Mayor de Blasio has resisted all calls for cutting the NYPD budget, doing so earlier this week by misquoting a famous 1960s singer, which has become a disturbing habit of the mayor.
“I’m reminded of the song ‘Imagine,’ by John Lennon,” the mayor said. “Everyone who hears that song in its fullness thinks about, what about a world where people got along differently? What about a world where we didn’t live with a lot of the restrictions that we live with now? But we’re not there yet.”
In fairness to the slain Beatle, the song “Imagine” is a desperate call for peace that includes the line, “Nothing to kill or die for.”

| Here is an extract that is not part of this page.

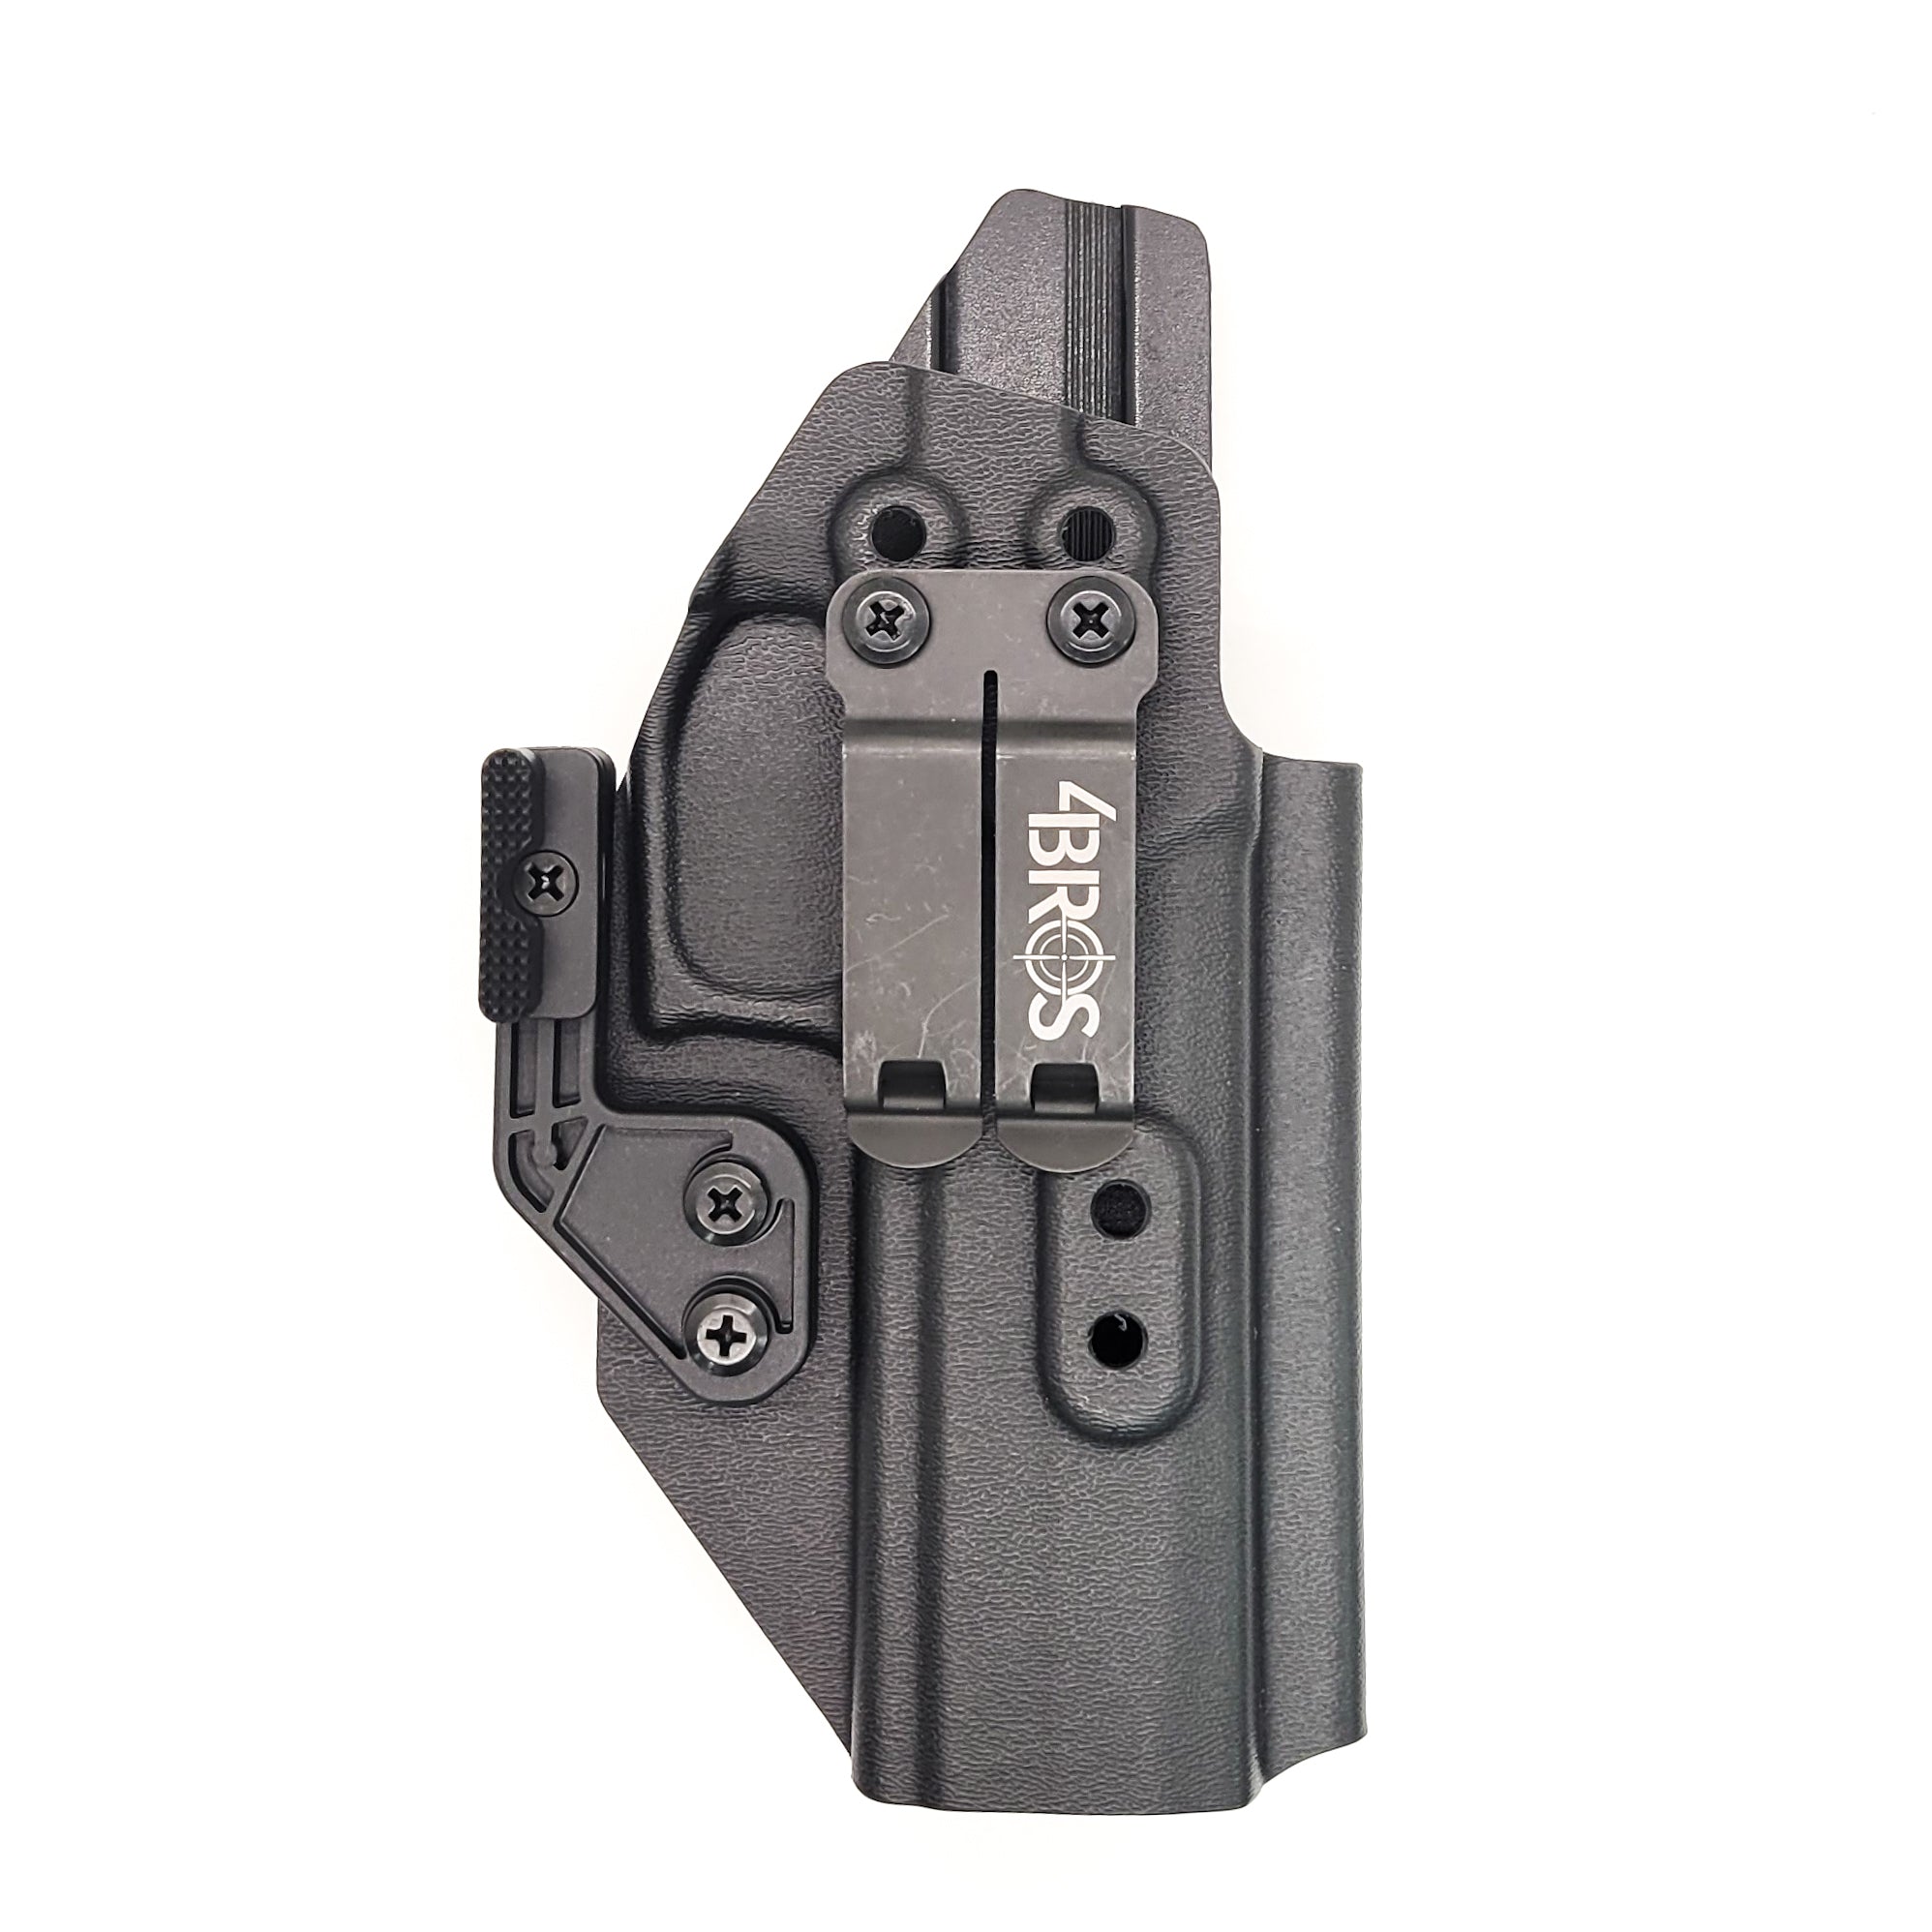 Inside Waistband IWB AIWB Kydex Taco Style Holster designed to fit the Sig Sauer P320 XTEN 10MM with the GoGunsUSA Gas Pedal. Full sweat guard, adjustable retention, open muzzle and profiled for a red dot sight. Proudly made in the USA for veterans and law enforcement. 10 MM P320-XTEN, P320 X Ten or P 320 XTEN.

The mayor claimed that he has made significant reforms within the NYPD, including reducing stop-and-frisk and beefing up community policing, but for now, won’t cut the agency’s budget.
“For folks who say ‘defund the police,’ I would say that is not the way forward. At some point in our history, we may be in a very different situation. But, right now … I think the impulse misses the reality we’re facing right now.”

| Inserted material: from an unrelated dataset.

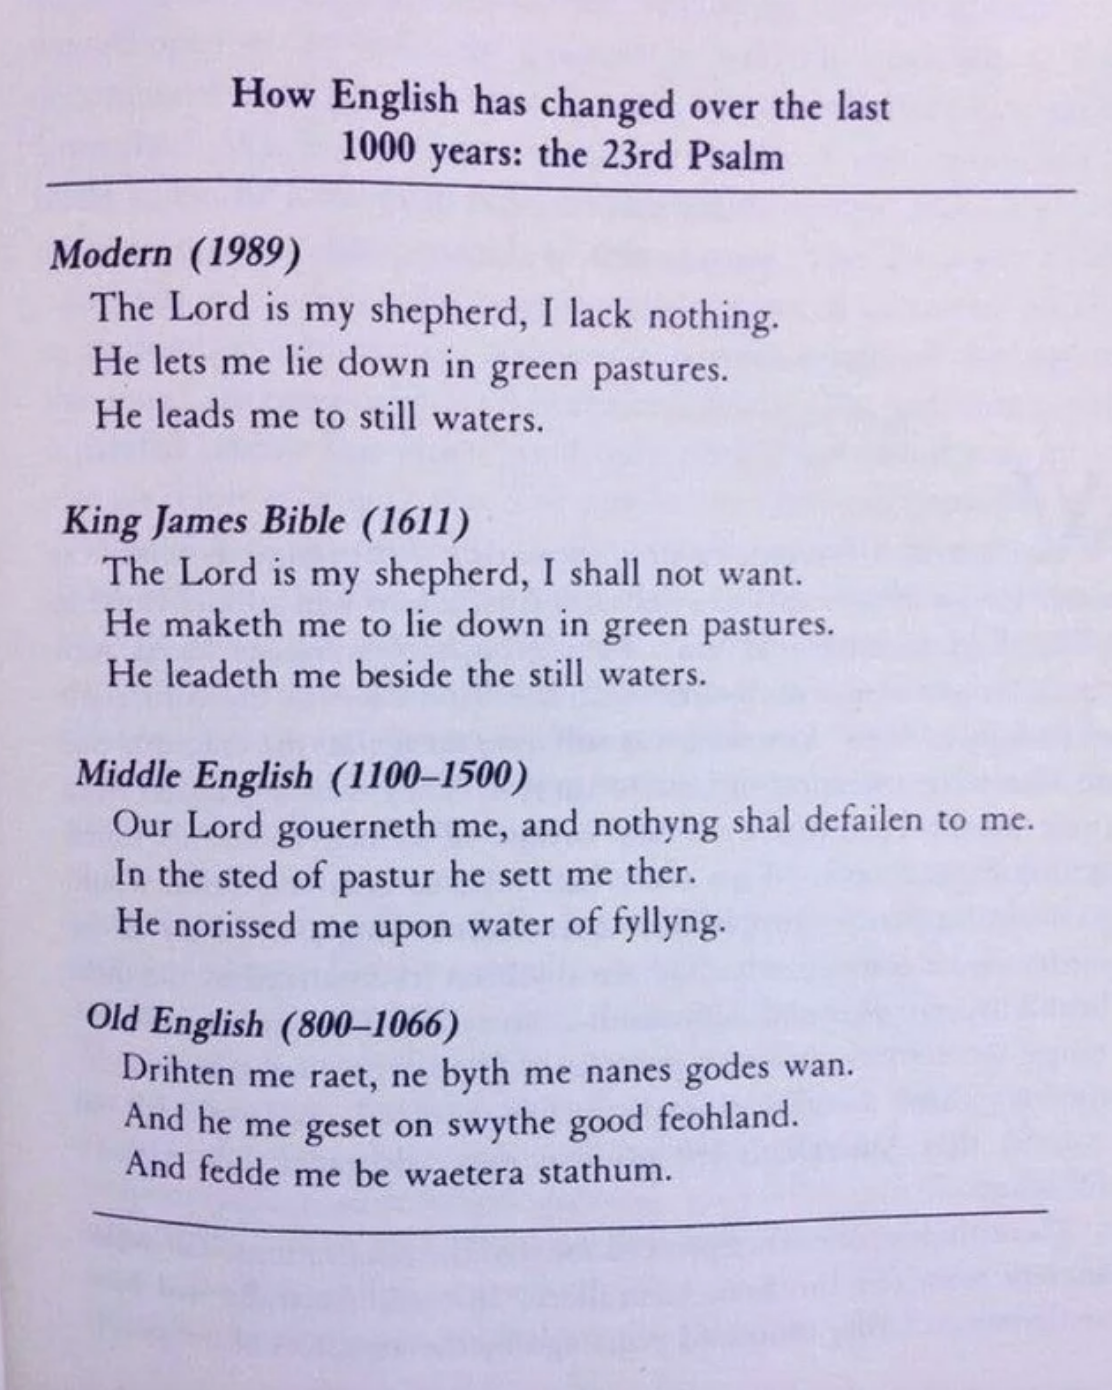 The 23rd Psalm from Old English to Middle English to the King James Bible version to modern English, a period of over 1,000 years, from 800 to 1989

For now, Council Speaker Corey Johnson vowed to swing a budget axe, but he would not specify a dollar amount when asked by Streetsblog this week, saying only, “We’ll have that conversation.”
He did say he and his colleagues would push in the short-term for measures to reduce police brutality, such as Intro 536, which would expand the definition of an illegal chokehold, and Intro 1309A, which would create a better process for disciplining rogue officers and give the public more tools to monitor the process.

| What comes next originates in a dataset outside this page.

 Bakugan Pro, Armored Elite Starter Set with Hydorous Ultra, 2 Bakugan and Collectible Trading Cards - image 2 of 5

“I can listen and use some of the power and privilege I have to help change the system,” he said at a press conference on Tuesday that featured the Rev. Al Sharpton and Gwen Carr, the mother of Eric Garner, who was killed by a police officer in 2014. “The eyes of the world are on New York City. It is time for us to lead.”
Johnson broke from his prepared remarks to specifically apologize to Carr.
“I’m sorry. I want to say I’m sorry that it has taken this long to pass these bills,” he said. “These are bills that should have passed long ago. And I want to acknowledge the fact that it should not take a murder of a black man in Minneapolis to pass these bills. These bills should have passed after Eric Garner was murdered in New York City. … In this moment of transformation, it is important for us to be honest, candid, self-reflective in a way that does not paper over the past and our past mistakes. So I want to say I’m sorry to Gwen Carr and the other families who have waited too long.”
Carr put the very day-to-day actions of the police front and center:
“They always think we are complaining [and say], ‘Oh that didn’t happen,’ ‘This didn’t happen,'” she said. “But my reality is not your reality. You can walk down the street and don’t fear the police stopping you for no reason at all. You can ride in your car and don’t fear the police stopping you for being black. We have to talk differently to our black sons and daughters. When they walk out the door, we kiss them and hug them and hope they come back.”
Streetsblog asked Sharpton if his travels around the nation over decades has convinced him that the NYPD simply has too many officers. He deflected.
“The question in New York is there is too little accountability,” he said. “It is atrocious that this is the city where we have seen Abner Louima to Eric Garner, yet not seen a change in policy. … Why do we give credence to the 1960s? Because we got a Civil Rights Act, a Voting Rights Act, HOPE housing act. But there has been no real Policing Act in this country or in New York. Everyone wants to have reconciliation without first having legislation. So what they’re calling for is not peace, they’re calling for quiet. They are telling us to shut up and suffer in silence.
“If you want peace, you bring justice. If you want quiet, you bring curfews,” he said.